Monday, 22 October 2018

Sqoop: How to Export data from Hadoop (Hive or Hbase) to RDBMS


We have an sqoop export tool to export the data back to RDBMS from Hadoop. The only thing you should take care here is, you must have the table created in RDBMS before exporting data from Hadoop to a relational database.

Scenario: I need to migrate a hive table "largedeck" to a RDBMS ( mysql) table "demo" using sqoop.

Step 1:

Download a sample largedeck.txt file to local folder of the hive server.
cd /tmp/testing/

Sample content of largedeck of cards:
[root@manoj-testing]# head -10 largedeck.txt

Step 2:
Create an external table "largedeck" in hive and Load the data from local folder "/tmp/testing" to
 that external table.

Command to create a hive external table "largedeck" to location "/user/manoj/largedeck":
create external table largedeck (color string, suit string, pip string)
LOCATION '/user/manoj/largedeck.txt';


LOAD the data to hive table "largedeck"
LOAD DATA  LOCAL INPATH '/tmp/testing/largedeck.txt' INTO TABLE largedeck;

STEP 4: Run the following commands from hive beeline shell to make sure data has been load
>select * from largedeck limit 10;
> select suit, count(1) from largedeck group by suit;

STEP 5:Create a database "demo" in mysql servers and set the user as "demo_user". The password for it is 'changeit'

create database demo;
create user 'demo_user' identified by 'changeit';
grant all on demo.* to demo_user;
flush privileges;

STEP 6: Now create the following tables in table

mysql -u demo_user -p

create table deck_of_cards (color varchar(10), suit varchar(10), pip varchar(2));

STEP 7:  Run the command from sqoop server to start exporting the hive table "largedeck" to mysql table "demo_user".

 sqoop export --connect "jdbc:mysql://<hostname-of-mysql-server>/demo" --username demo_user --password changeit --table deck_of_cards --export-dir /user/manoj/largedeck.txt --input-fields-terminated-by '|' --num-mappers 2 --outdir java_files

STEP 8:  Once sqoop export is complete run the below command in mysql shell to see the output

> select count(1) from deck_of_cards;

Thursday, 18 October 2018

Sqoop: Export/Import data from RDBMS to Hadoop and viceversa


Sqoop is a tool used for data transfer between RDBMS (like MySQL, Oracle SQL etc.) and Hadoop (Hive, HDFS, and HBASE etc.)It is used to import data from RDBMS to Hadoop and export data from Hadoop to RDBMS.
Image result for sqoop architecture

Sqoop Architecture:

Image result for sqoop architecture

When Sqoop starts functioning, only mapper job will run and reducer is not required. Here only Map phase will run and reduce is not required because the complete import and export process doesn’t require any aggregation and so there is no need of reducers in Sqoop.


Sqoop import tool is used to import the tables from a relational database like MySQL, Oracle SQL the Hadoop system like Sqoop import to HDFS or Hbase etc.

Each row of an RDBMS table is treated as the records of the file.

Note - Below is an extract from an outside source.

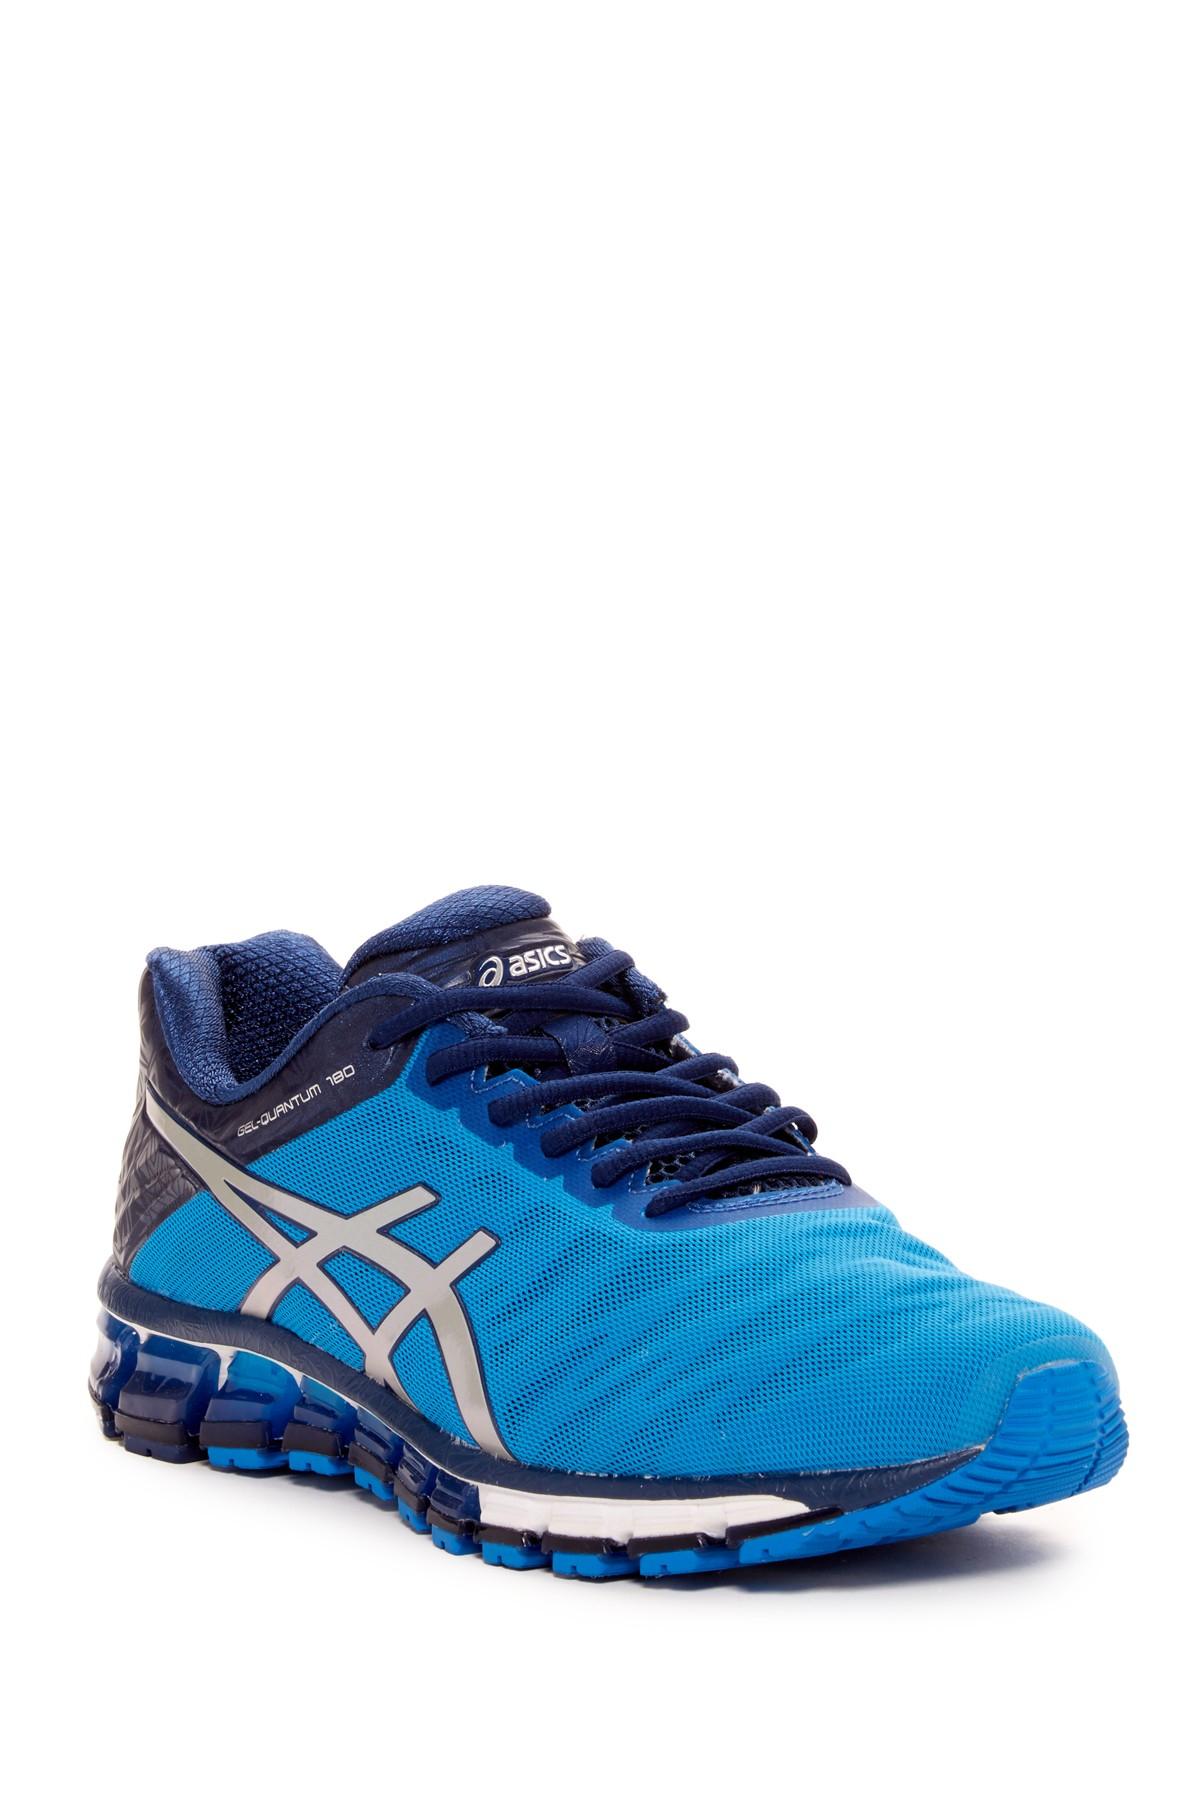 Asics Quantum  Blue Running Shoes
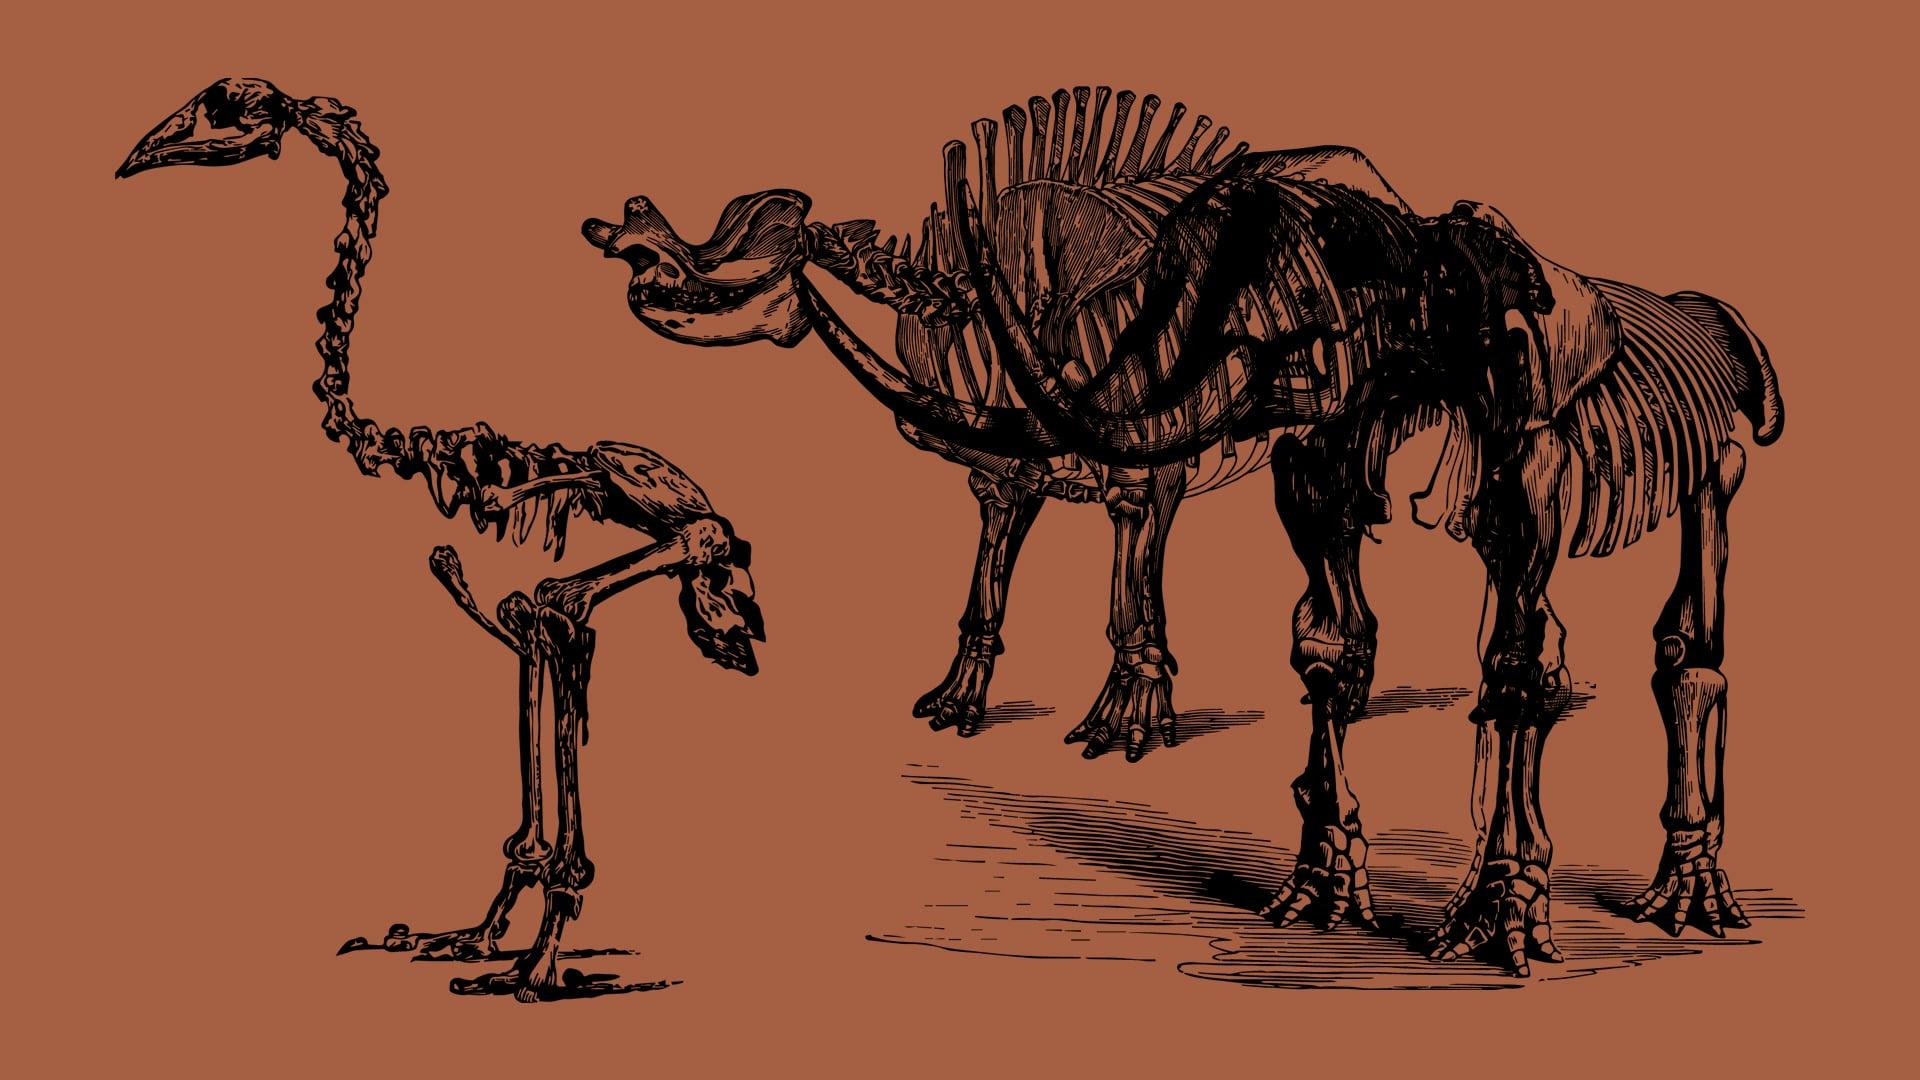 Vintage Paleontology Vector Illustrations

It will store text data in text file and binary data in sequence file or Avro file.

For example, I have one table as below-

The table name is “emp” in the database “userdb” in MySQL database server

Now we will import this table emp data into HDFS. Let’s see how easy it is-

$ sqoop import --connect jdbc:mysql://<mysql-server-hostname>/<database-name>  --username <username-of-mysql-db> --table <table-name>  -n <number-of-mappers> 


$ sqoop import –connect jdbc:mysql://localhost/userdb –username root –table emp m 1

Once you will run the above commands, you will find it running and using some mappers. Once done, you can also see the output using below commands-
$HADOOP_HOME/bin/hadoop fs -cat /emp/part-m-*

You will find the output file in HDFS something like below. It will be a comma (,) separated.

101,     John,   5000,   IT,        Developer

102,     Chris,   6000,   Sales,   Manager

103,     Jamie,  7000,   Support, Director

Using the above command, the file will be saved in a default location in HDFS.

Import Table data in a particular location

But what if we want to save the file in a particular location (let’s say rdbmsdata) in HDFS?

You can specify the location (target directory) in above command. For this, we use the below command-

–target-dir /rdbmsdata

So the complete command will be something like below-

$ sqoop import --connect jdbc:mysql://localhost/userdb --username root --table emp --m 1 --target-dir /rdbmsdata

Verify the result using the below command-

$HADOOP_HOME/bin/hadoop fs -cat /rdbmsdata/part-m-*

Incremental Import

This section will be highly helpful to you if you are using on real time data. For example, you are working on some employee data of a company and everyday new hiring is getting done and so new employee will get added as well.

So in such situation, you will only want to import only the newly updated records and in such case incremental import will help you a lot.

To get this done, you need mainly three things-

Incremental-  Mode like appended
check-column – based on which column you want to decide the incremental value
last value – What was the last value you imported so that it will take next value after that

Now considering a new employee has been added in the emp table with the record as below-
104,     Henning,         4000,   IT,        Developer

And we want to take ID column as the check column and so the last value was 103 and the new is 104.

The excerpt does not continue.